My heart leapt. I could go home!
Just as quickly, it fell again. I was Etheri. My home was no longer in Edea—at least, not permanently.
Then the full meaning of Garrick’s words hit and horror bloomed. “The monsters are free.”
“We’ve been doing what we can,” Garrick said, “but there are only so many soldiers I trust, especially around humans for the
first time in a century. The Blood Court is being . . . less cautious.”
“Oh, no.” I breathed the words as the horror deepened. I’d doomed my village and every surrounding village along with it.
And if the old stories were to be believed, I might have doomed the entirety of Yishwar, if not Edea itself.

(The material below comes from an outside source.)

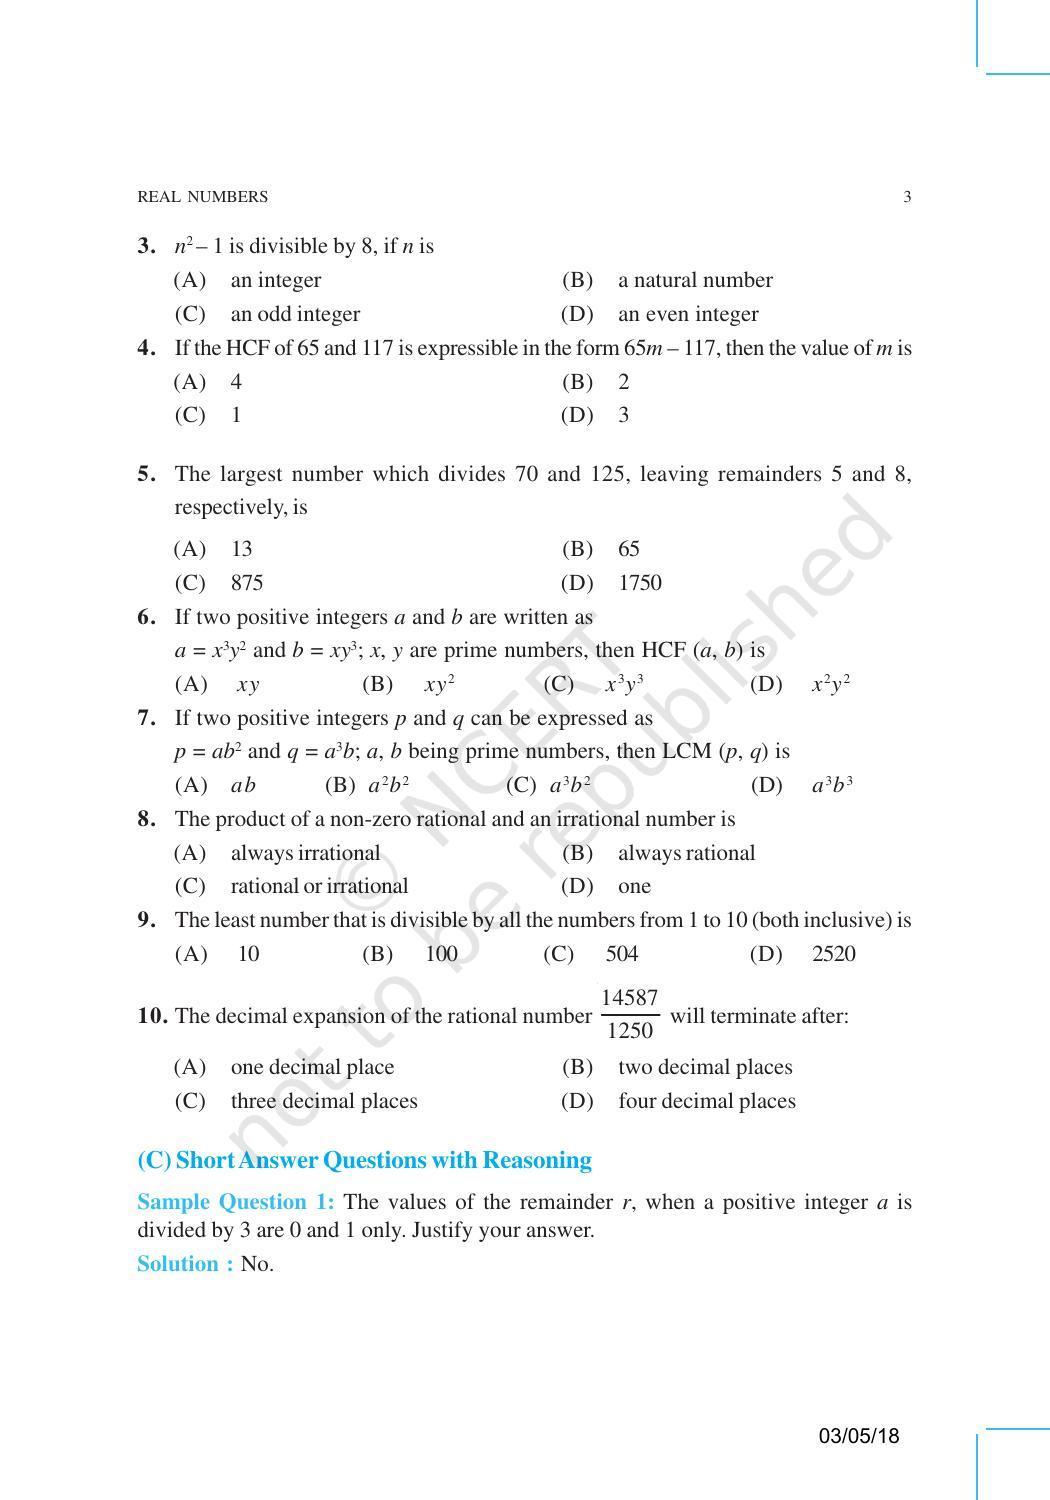 NCERT Exemplar Book for Class 10 Maths: Chapter 1 Real Numbers - Page 3
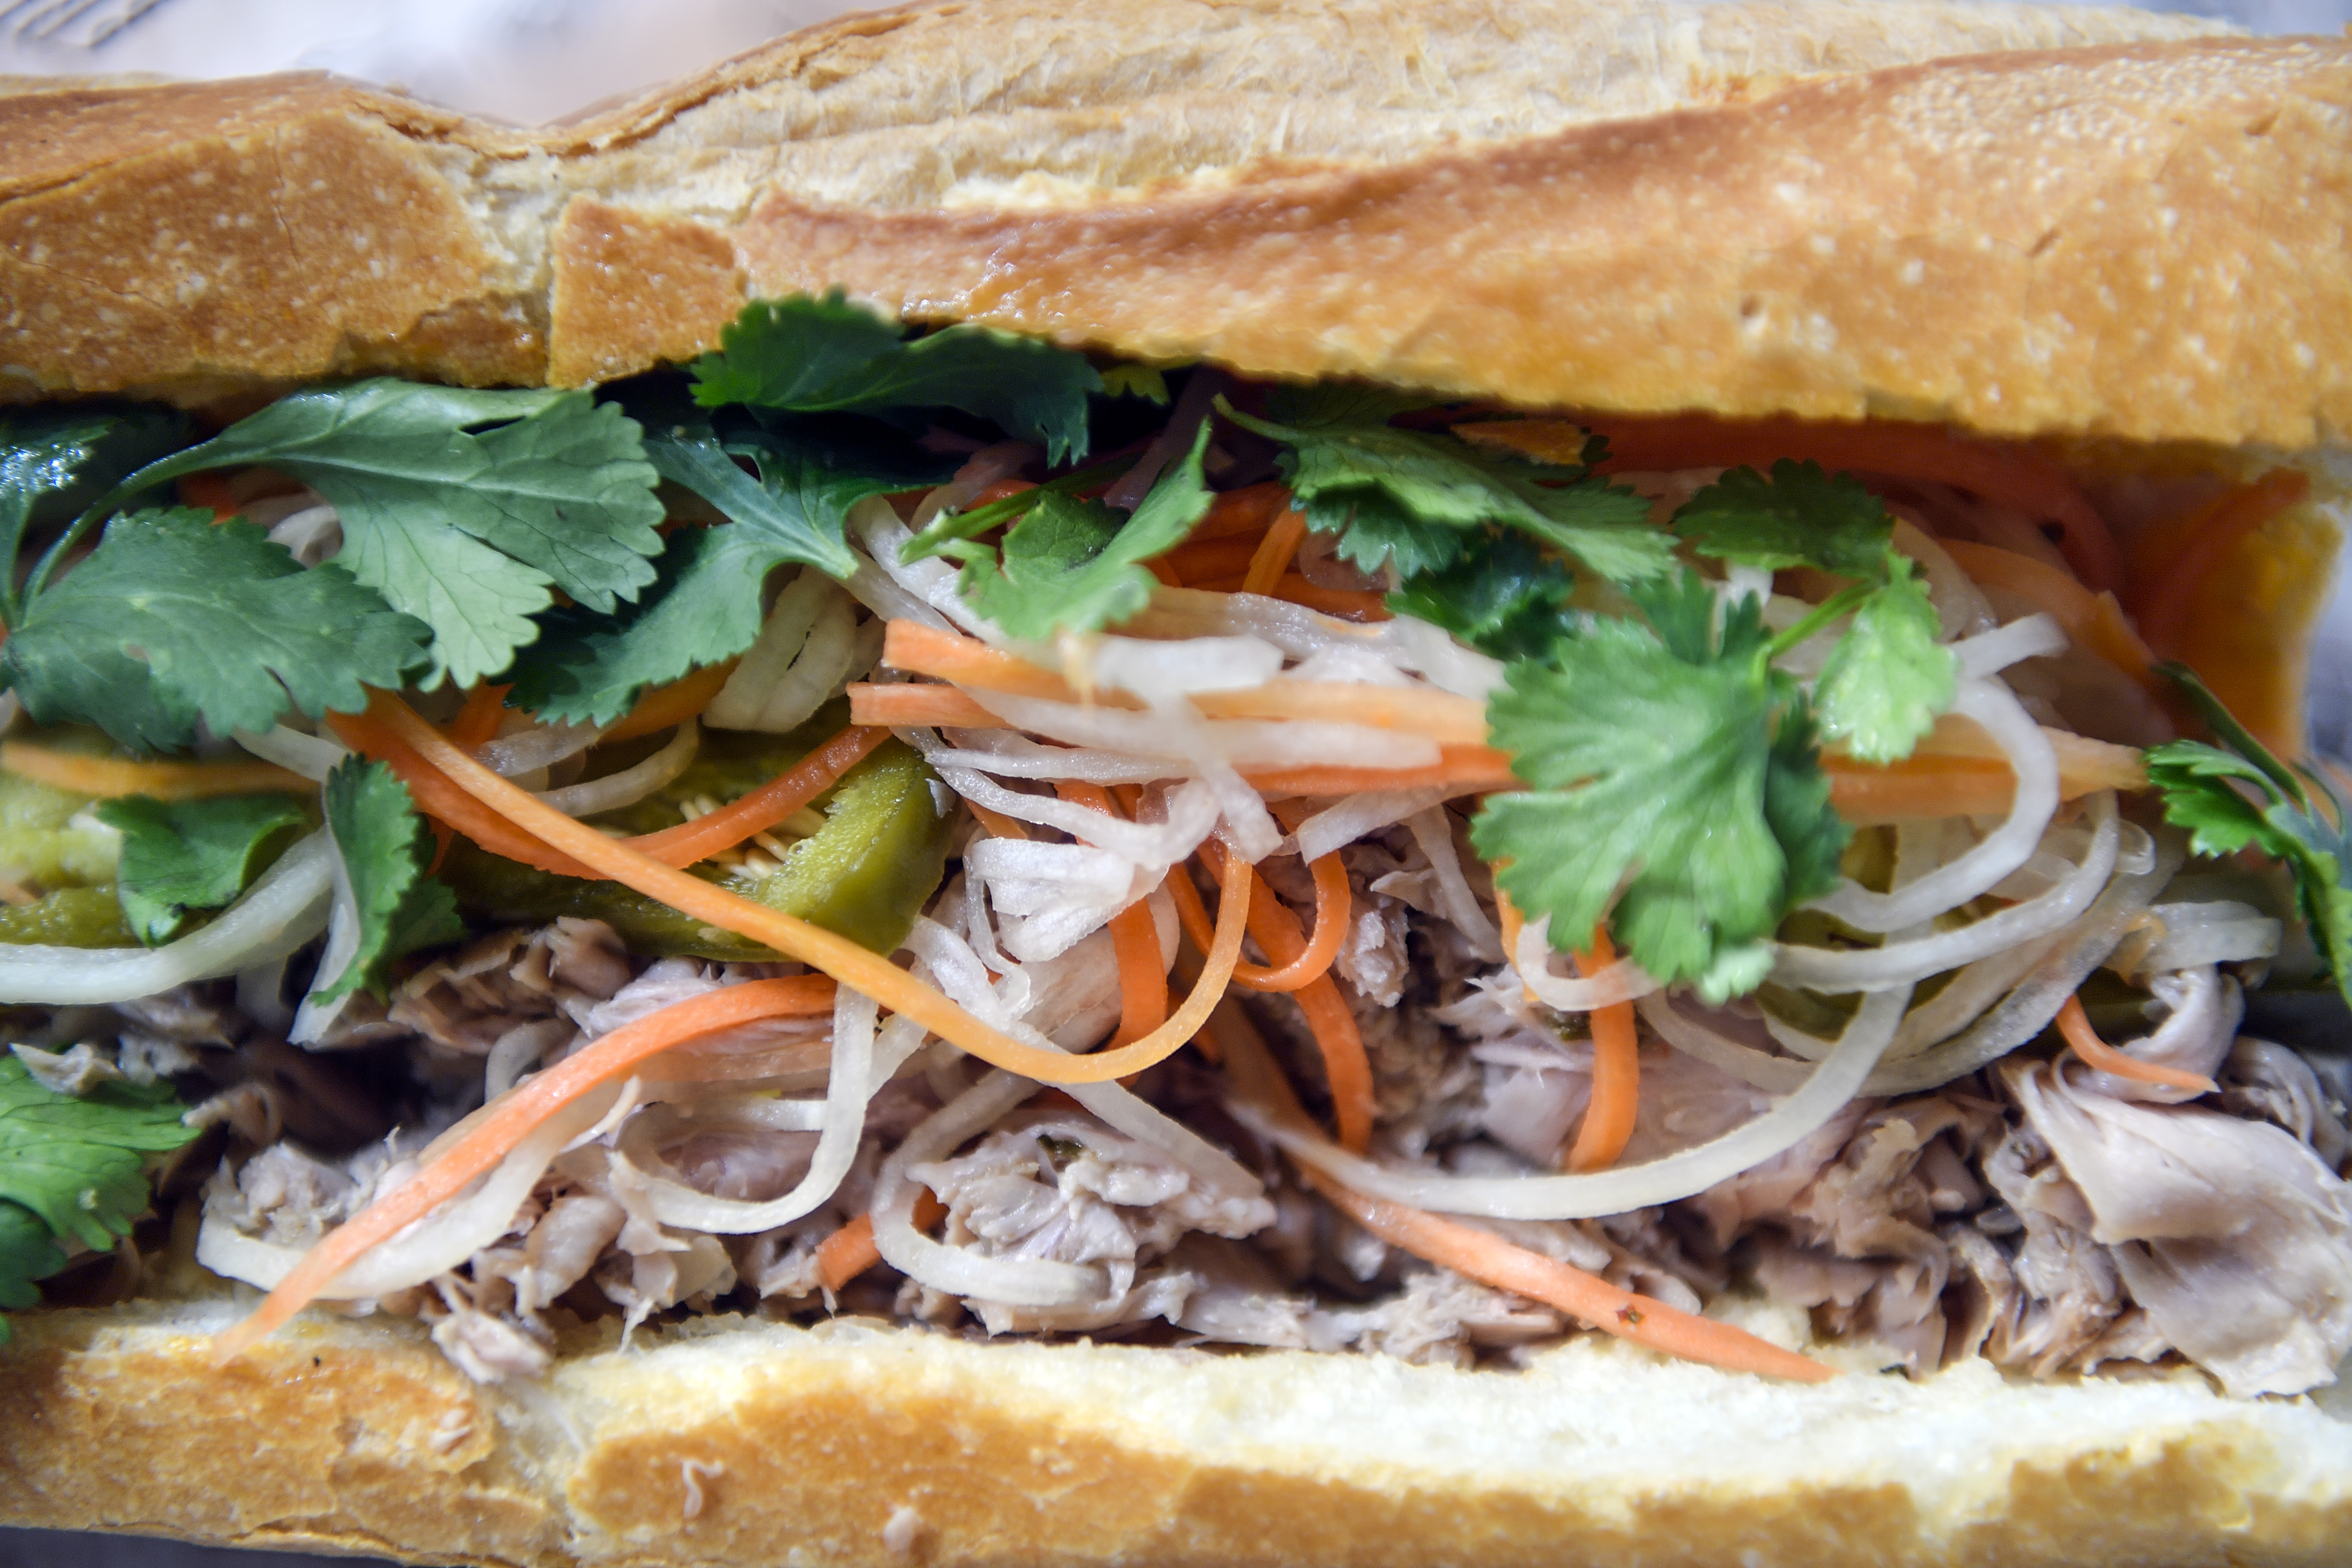 A student criticized the dining hall's rendition of bánh mì sandwiches at Oberlin. Then the New York Post got involved.

“I have to fix this.” I jerked up from the bed, but my legs refused to hold me. I would’ve hit the floor if Garrick hadn’t
snagged my wrist at the last second and pulled me back.
“You can’t even stand. You need to rest.”
I shook my head. “Help me dress.”
“There’s more,” he admitted.
“What more could there possibly be?”
“Feylan has officially invoked the law of primogeniture. He felt your magic when you opened the door. He knows you’re a focus,
and he’s desperate to have you. We have three days, including today, before you must appear in the Blood Court or risk war.”